Questi mezzi agricoli, dotati di vari tipi di freno a mano, avevano anche una targa in metallo con trascritti i dati del proprietario rilasciata dal comune di residenza. Il carro, detto anche tamagnun, era adoperato anche per le cerimonie funebri e in momenti di festa come il carnevale, la leva dei coscritti, il matrimonio. Il lavoro dei carri ha fatto nascere il mestiere dei cartuné, i moderni camionisti. Quando incontravano salite o discese troppo impervie e fangose ricorrevano alla traina ovvero al supplemento di un bue o due a quelli attaccati.

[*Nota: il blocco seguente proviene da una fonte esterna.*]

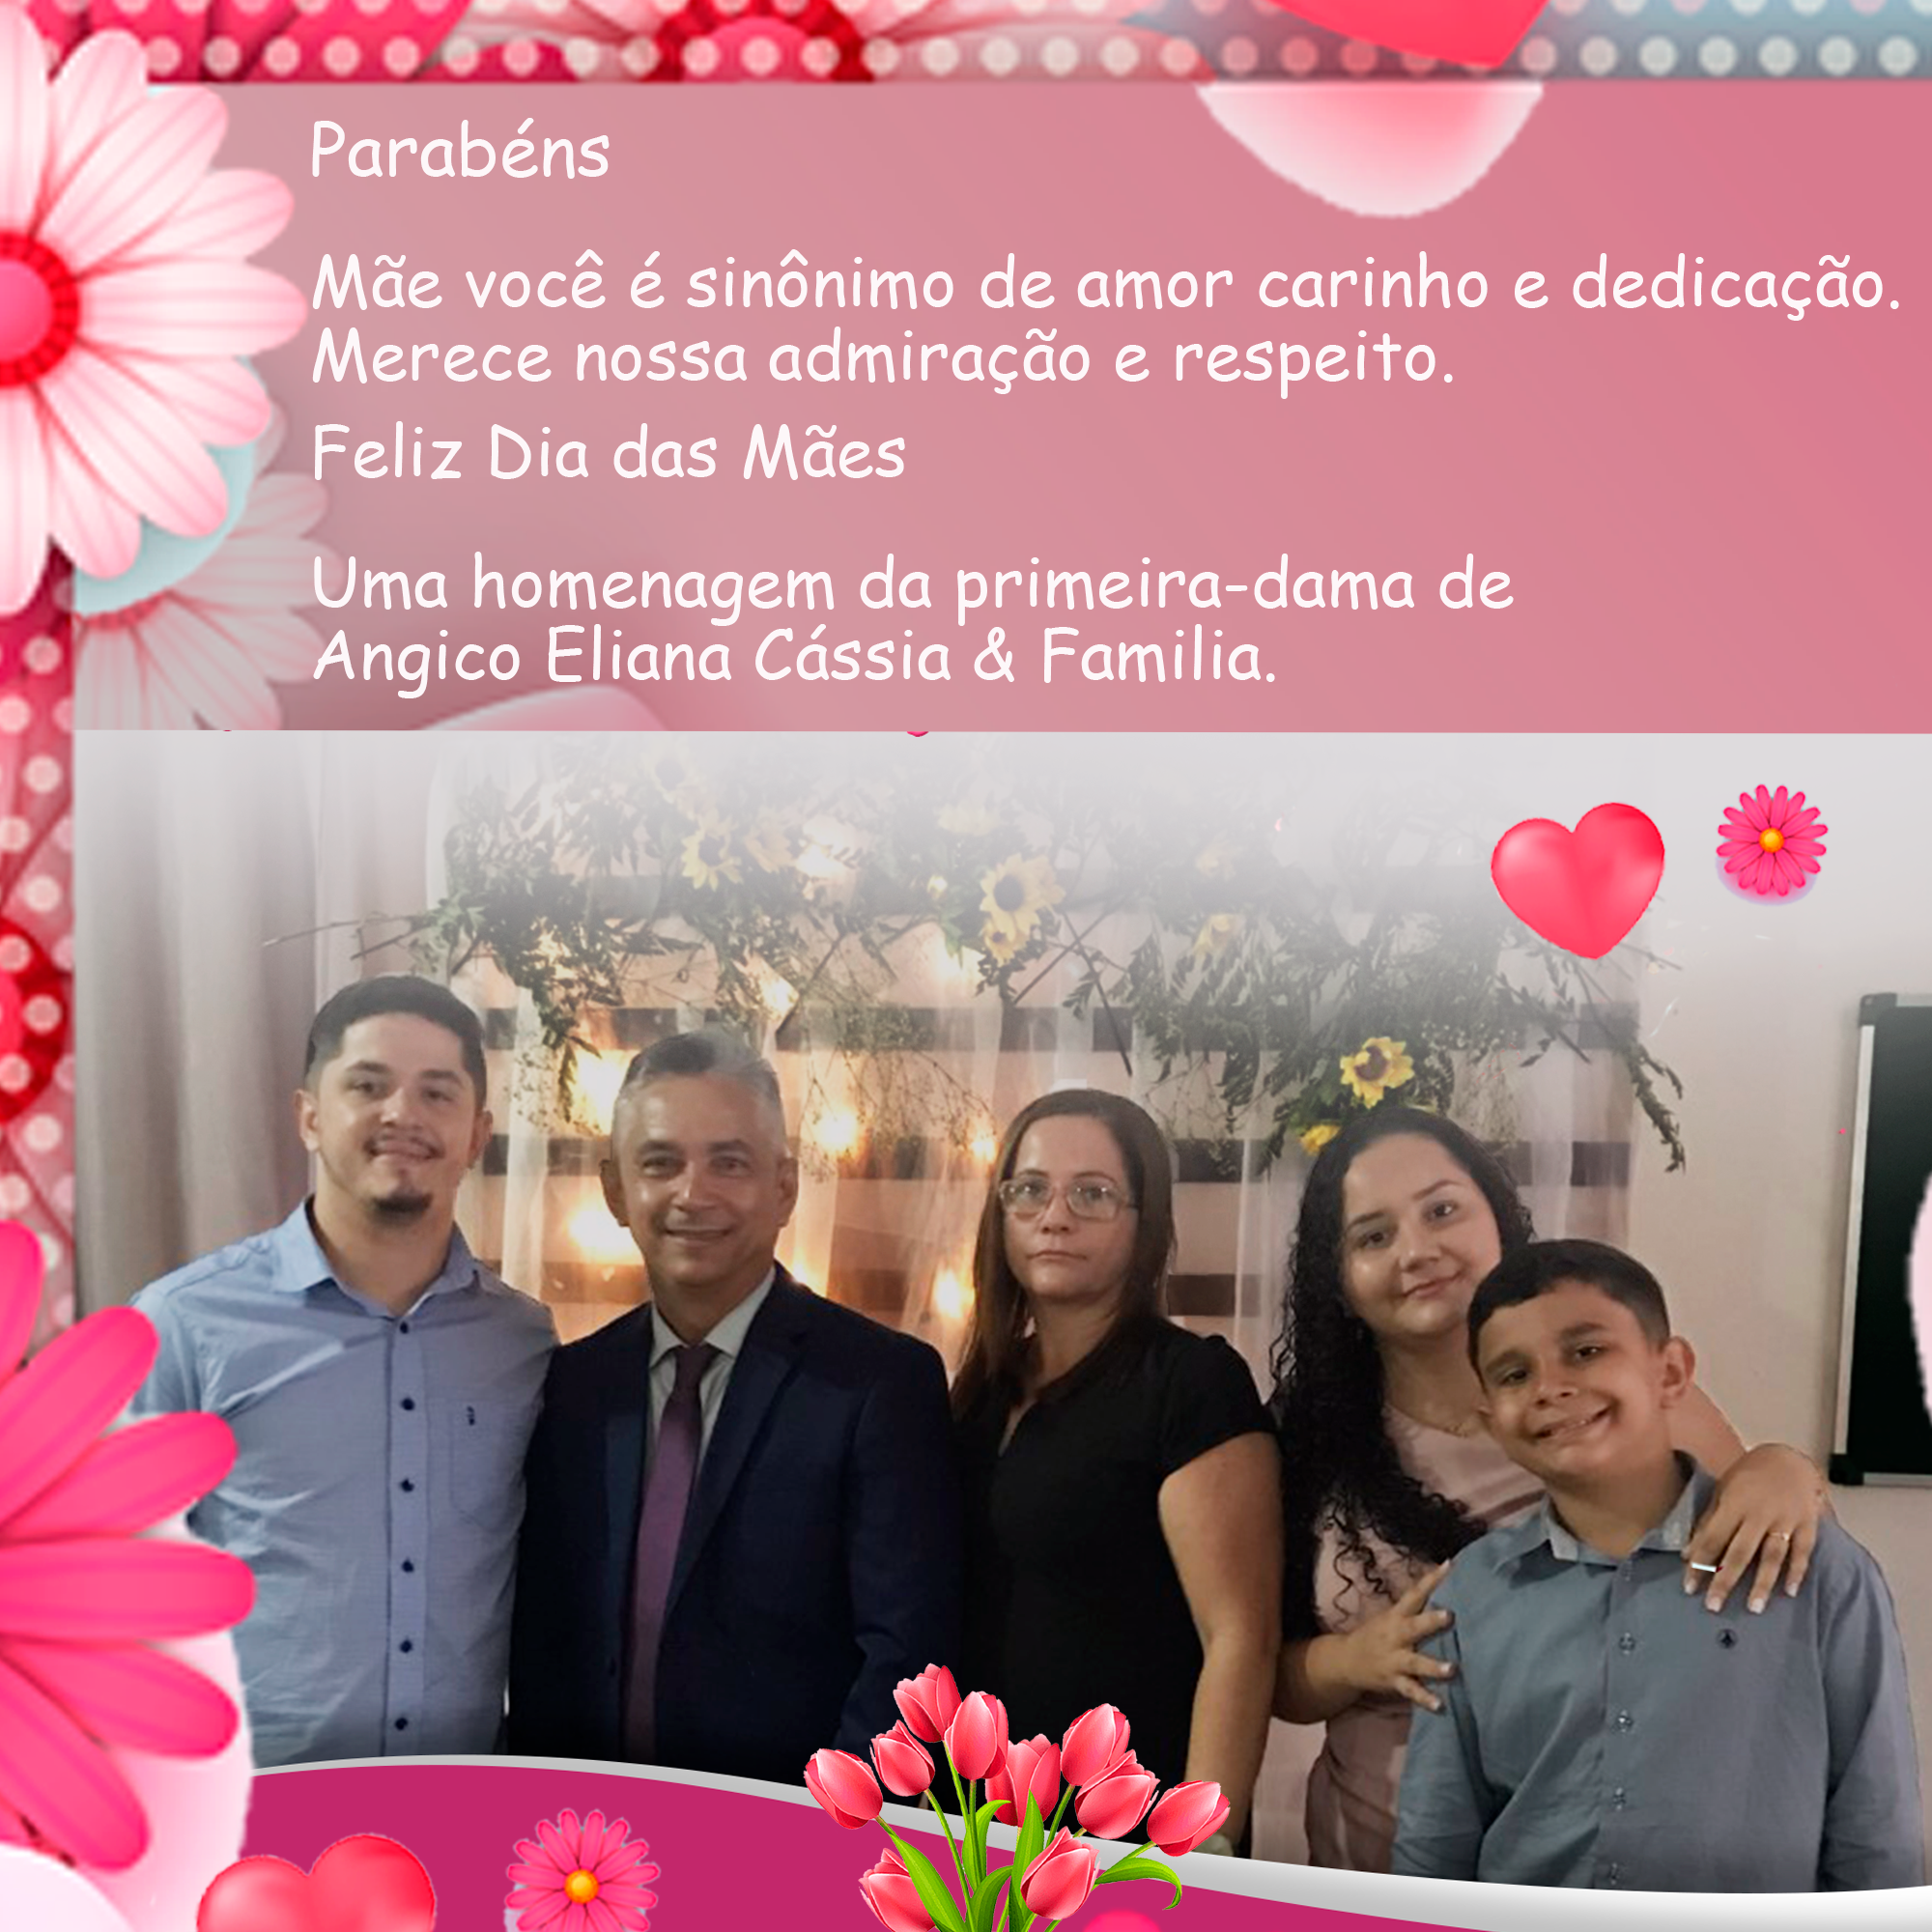 Prefeitura homenageia as mães de Angico com live e mensagem especial

Il servizio della traina era a pagamento ed era svolto da chi abitava nei pressi di tratti di strada problematici.
Storica nell’Astigiano la traina alle salite del Dusino sulla strada da Asti verso Torino e quella di Moncalvo sulla strada verso Casale. La baròsa invece aveva due ruote e sponde alte, con una portata più limitata rispetto al còr, veniva utilizzata per il trasporto al mercato di prodotti come ortaggi, fieno, oppure di animali come vitelli o maiali. Solitamente la baròsa era trainata da un solo bue o dal cavallo e in alcuni casi dal mulo. Il birucin, invece, era un calesse a due posti, che si utilizzava da passeggio o da viaggio. Con finiture in legno smaltato e inserti in ottone, più elegante rispetto ai mezzi prettamente utilizzati per il lavoro della terra, poteva essere munito di capottina e veniva trainato quasi sempre da un cavallo adatto al trotto.

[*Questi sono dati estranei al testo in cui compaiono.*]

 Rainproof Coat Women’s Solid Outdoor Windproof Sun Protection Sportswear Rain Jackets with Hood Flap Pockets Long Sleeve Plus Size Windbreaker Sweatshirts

Possedere un birucin era segno di benessere economico, un po’ come oggi un’auto di grossa cilindrata o una spider. Una curiosità etimologica. I carri e anche le carrozze avevano ai piedi del guidatore una paratia o cassetto contenente della crusca, utilizzata per tenere tranquilli i buoi o i cavalli durante le soste. Era chiamato cruscotto, lo stesso nome che gli operai della Fiat iniziarono a dare alla parte dell’auto che conteneva il quadro comandi, trovando difficile pronunciare il nome tedesco armaturenbrett, indicato nei primi progetti. Cruscotto: una parola nata sui carri che ha fatto e continua a fare strada.